The manner of implementation of the policy requires that the Government organisation in their respective requests for procurement of software impose a condition that OSS would be preferred over “closed source software” and vendors responding to this procurement must attempt to answer with OSS solutions, failing which they have to justify as to why a “closed source software” solution is better to the exclusion of an OSS one. The policy is also quite aware of the some of the difficulties that OSS could present like security and capability, and grants the government the option to consider proposals on these grounds as well.

In addition to these measures, the document also goes the extra mile to put into place some effective measures to create an ecosystem in which OSS functions best. Two measures are of particular value: collaboration with domestic and international OSS communities and partnerships with industry, academia and the setting up of an institutional mechanism to provide a suitable support system for the effective implementation of OSS. Due to the community intensive nature of OSS, I cannot stress how critical these measures are to the effective functioning of this ecosystem. Participation with academia and relying on the fairly active OSS community in India is quite strategic as it taps into the vast reservoir of young human resource capital that the country has developed over a few years. It must be noted that there was previously an initiative already set up for the purpose of a foray into OSS by the Department of Electronics and Information Technology, Government of India called the FOSS initiative cell. This initiative cell seems to be fairly active with a few projects and programmes. The document now allows better collaboration allowing this initiative cell as well as independent OSS projects in the country to receive some support.

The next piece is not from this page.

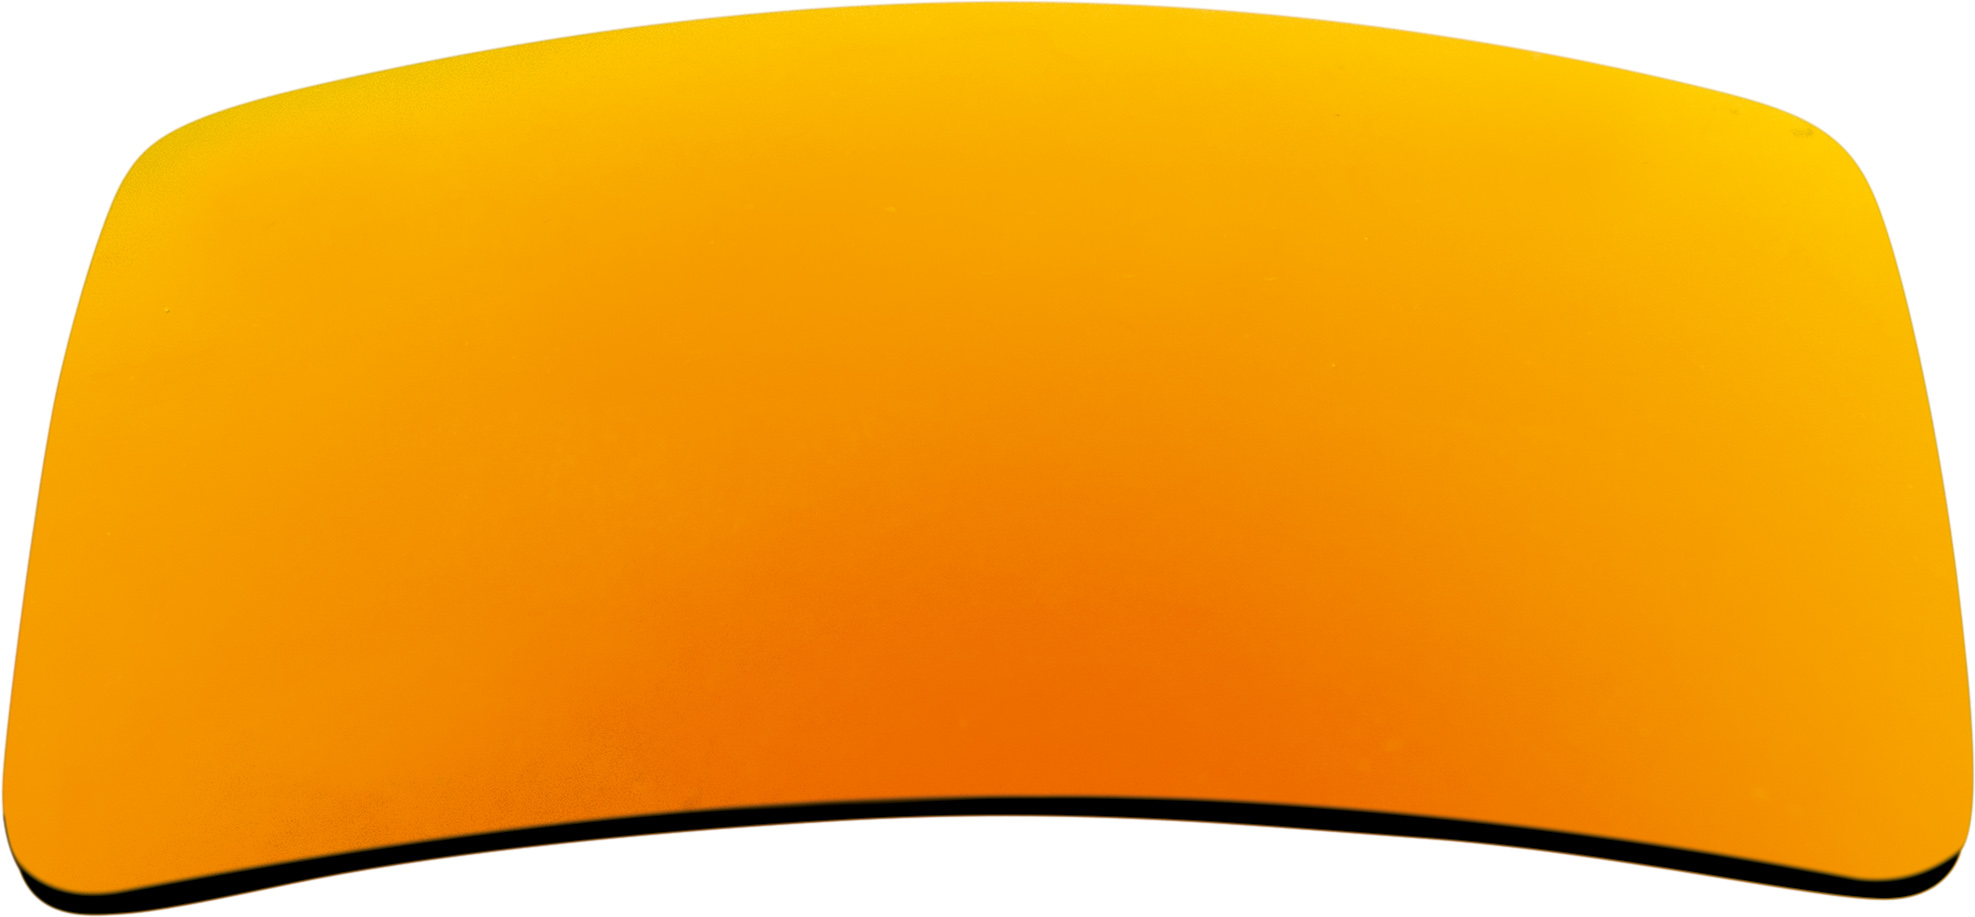 TAC Polascheiben 1,1mm Grau/Orange-verspiegelt

If at all one were to point out areas where this document could have been improved, it could have been in two areas:

  1. The definition of OSS as provided under the document only includes a part of the OSI definition of Open Source Software. While in spirit, the definition at least appears to achieve all the advantages of OSS, there are certain elements like bundling of software etc., that necessarily needs to be catered to, to truly make the software Open Source.
  2. There appears to be no emphasis on interoperability in the document at all. When a request for procurement is presented to vendors, interoperability of the solutions received with other solutions received, at least in e-governance schemes that are accessed across the country, should have been a factor for evaluation under the document. Interoperability is one of the major advantages of Open Source Software that would play a significant role to promote access across the country to e-governance schemes, implementation of interoperability would therefore be a huge shot in the arm for the digital governance initiatives currently being carried out in the country.

Despite these criticisms, the document is no doubt a welcome measure from the government. Here’s hoping that it is implemented successfully!

Thomas J. Vallianeth

Thomas is a final year law student at the National Law University, Jodhpur pursuing a B.Sc. LL.B. (IP Hons.) course. His first exposure to IP law was at a workshop that he attended in High School and ever since then, he has pursued a keen interest in the field. However, his real interests lie in the interfaces between Technology Law and IP, with an active interest in the Open Source movement.